Thomas Gleixner May 6, 2022, 7:59 a.m. UTC | #2
On Fri, May 06 2022 at 11:20, kernel test robot wrote:
> PANIC: early exception 0x0d IP 10:ffffffff812cef11 error 0 cr2 0xffff888004a3aff8
> [ 0.000000][ T0] add_device_randomness (kbuild/src/rand-3/drivers/char/random.c:1028) 
> [ 0.000000][ T0] ? dmi_walk_early (kbuild/src/rand-3/drivers/firmware/dmi_scan.c:470) 
> [ 0.000000][ T0] dmi_walk_early (kbuild/src/rand-3/drivers/firmware/dmi_scan.c:151) 
> [ 0.000000][ T0] dmi_present (kbuild/src/rand-3/drivers/firmware/dmi_scan.c:605)

Duh.

So this wants to be:

--- a/kernel/time/timekeeping.c
+++ b/kernel/time/timekeeping.c
@@ -2380,6 +2381,20 @@ static int timekeeping_validate_timex(co
 	return 0;
 }
 
+/**
+ * random_get_entropy_fallback - Returns the raw clock source value,
+ * used by random.c for platforms with no valid random_get_entropy().
+ */
+unsigned long random_get_entropy_fallback(void)
+{
+	struct tk_read_base *tkr = &tk_core.timekeeper.tkr_mono;
+	struct clocksource *clock = READ_ONCE(tkr->clock);
+
+	if (!timekeeping_suspended && clock)
+		return clock->read(clock);
+	return 0;
+}
+EXPORT_SYMBOL_GPL(random_get_entropy_fallback);
 
 /**
  * do_adjtimex() - Accessor function to NTP __do_adjtimex function
Jason A. Donenfeld May 6, 2022, 10:12 a.m. UTC | #3
Hi Thomas,

On Fri, May 06, 2022 at 09:59:13AM +0200, Thomas Gleixner wrote:
> +/**
> + * random_get_entropy_fallback - Returns the raw clock source value,
> + * used by random.c for platforms with no valid random_get_entropy().
> + */
> +unsigned long random_get_entropy_fallback(void)
> +{
> +	struct tk_read_base *tkr = &tk_core.timekeeper.tkr_mono;
> +	struct clocksource *clock = READ_ONCE(tkr->clock);
> +
> +	if (!timekeeping_suspended && clock)
> +		return clock->read(clock);
> +	return 0;
> +}
> +EXPORT_SYMBOL_GPL(random_get_entropy_fallback);

I tried to address this already in
<https://lore.kernel.org/lkml/20220505002910.IAcnpEOE2zR2ibERl4Lh3Y_PMmtb0Rf43lVevgztJiM@z/>,
though yours looks better with the READ_ONCE() around clock, and I'll
send a v8 doing it that way.
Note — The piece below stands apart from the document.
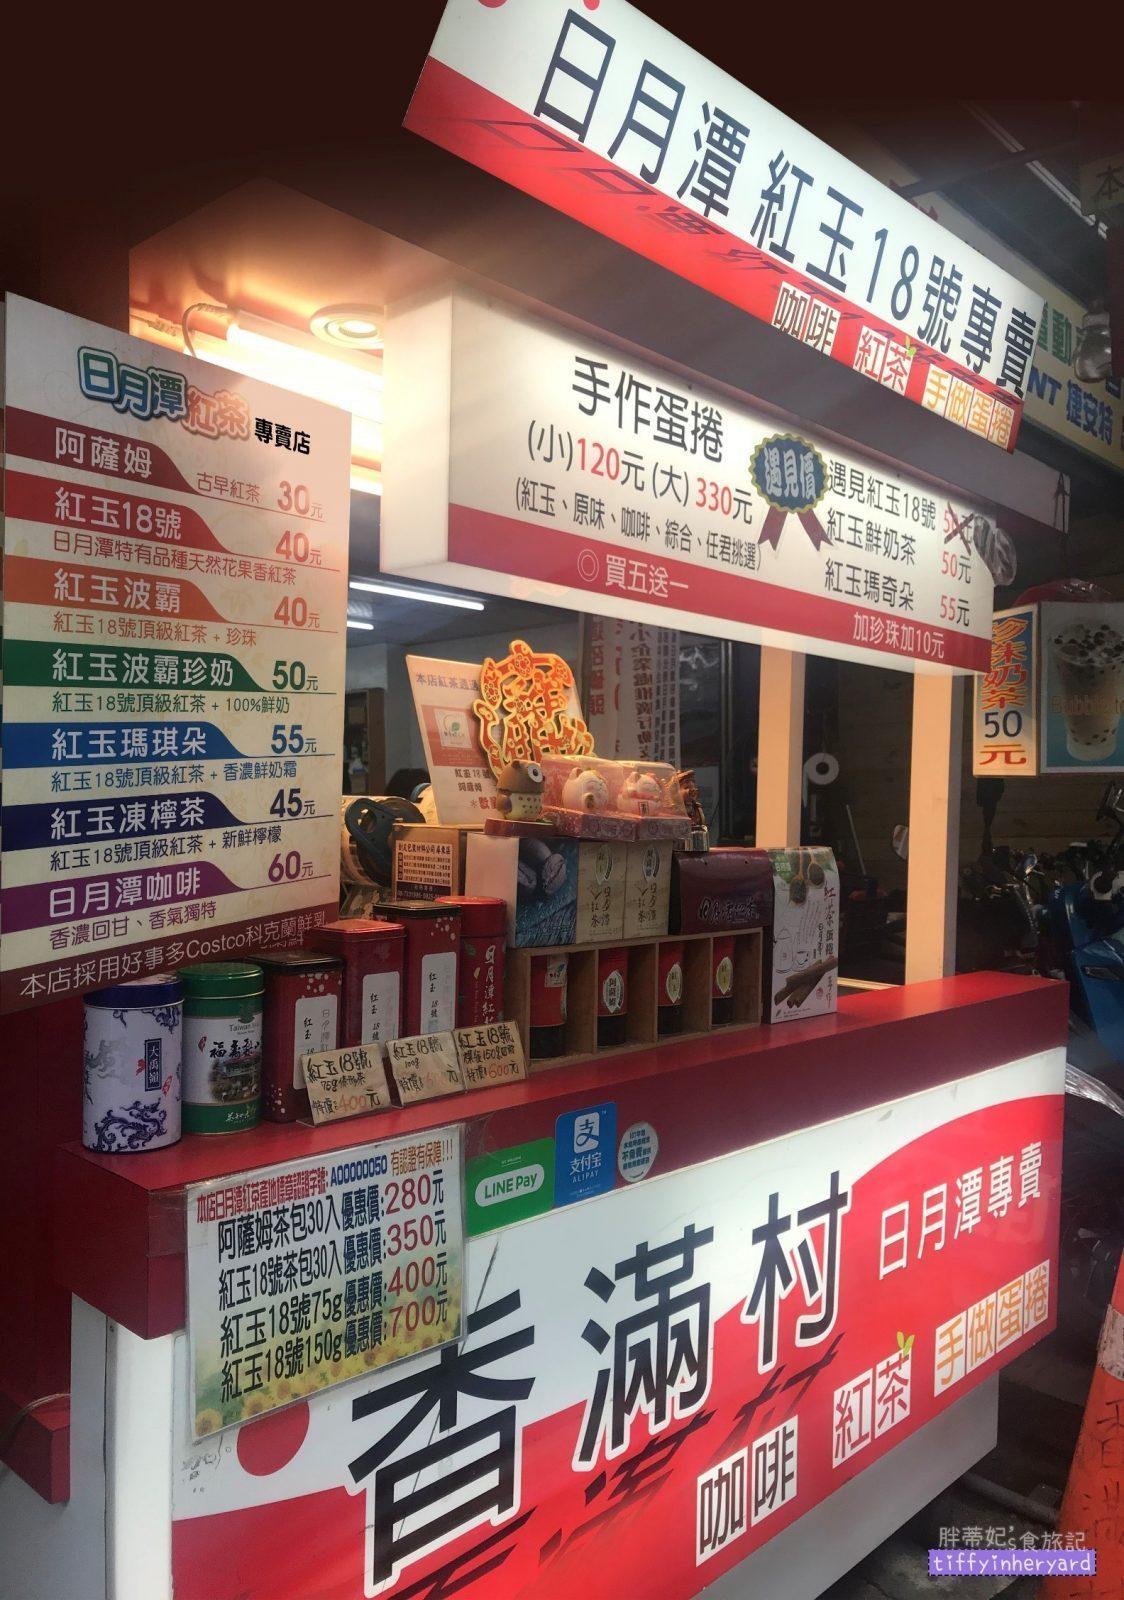 日月潭 喝紅茶-日月潭伴手禮香滿村茶行紅玉台茶18號

I didn't realize that clock could become
NULL again after becoming non-NULL.

I'm not quite sure I understand the purpose of !timekeeping_suspended
there, though. I'm not seeing the path where reading with it suspended
negatively affects things. I'll take your word for it though.

Jason
Thomas Gleixner May 6, 2022, 4:01 p.m. UTC | #4
On Fri, May 06 2022 at 12:12, Jason A. Donenfeld wrote:
> On Fri, May 06, 2022 at 09:59:13AM +0200, Thomas Gleixner wrote:
>> +/**
>> + * random_get_entropy_fallback - Returns the raw clock source value,
>> + * used by random.c for platforms with no valid random_get_entropy().
>> + */
>> +unsigned long random_get_entropy_fallback(void)
>> +{
>> +	struct tk_read_base *tkr = &tk_core.timekeeper.tkr_mono;
>> +	struct clocksource *clock = READ_ONCE(tkr->clock);
>> +
>> +	if (!timekeeping_suspended && clock)
>> +		return clock->read(clock);
>> +	return 0;
>> +}
>> +EXPORT_SYMBOL_GPL(random_get_entropy_fallback);
>
> I tried to address this already in
> <https://lore.kernel.org/lkml/20220505002910.IAcnpEOE2zR2ibERl4Lh3Y_PMmtb0Rf43lVevgztJiM@z/>,
> though yours looks better with the READ_ONCE() around clock, and I'll
> send a v8 doing it that way. I didn't realize that clock could become
> NULL again after becoming non-NULL.

This happens at early boot where clock is NULL.

> I'm not quite sure I understand the purpose of !timekeeping_suspended
> there, though. I'm not seeing the path where reading with it suspended
> negatively affects things. I'll take your word for it though.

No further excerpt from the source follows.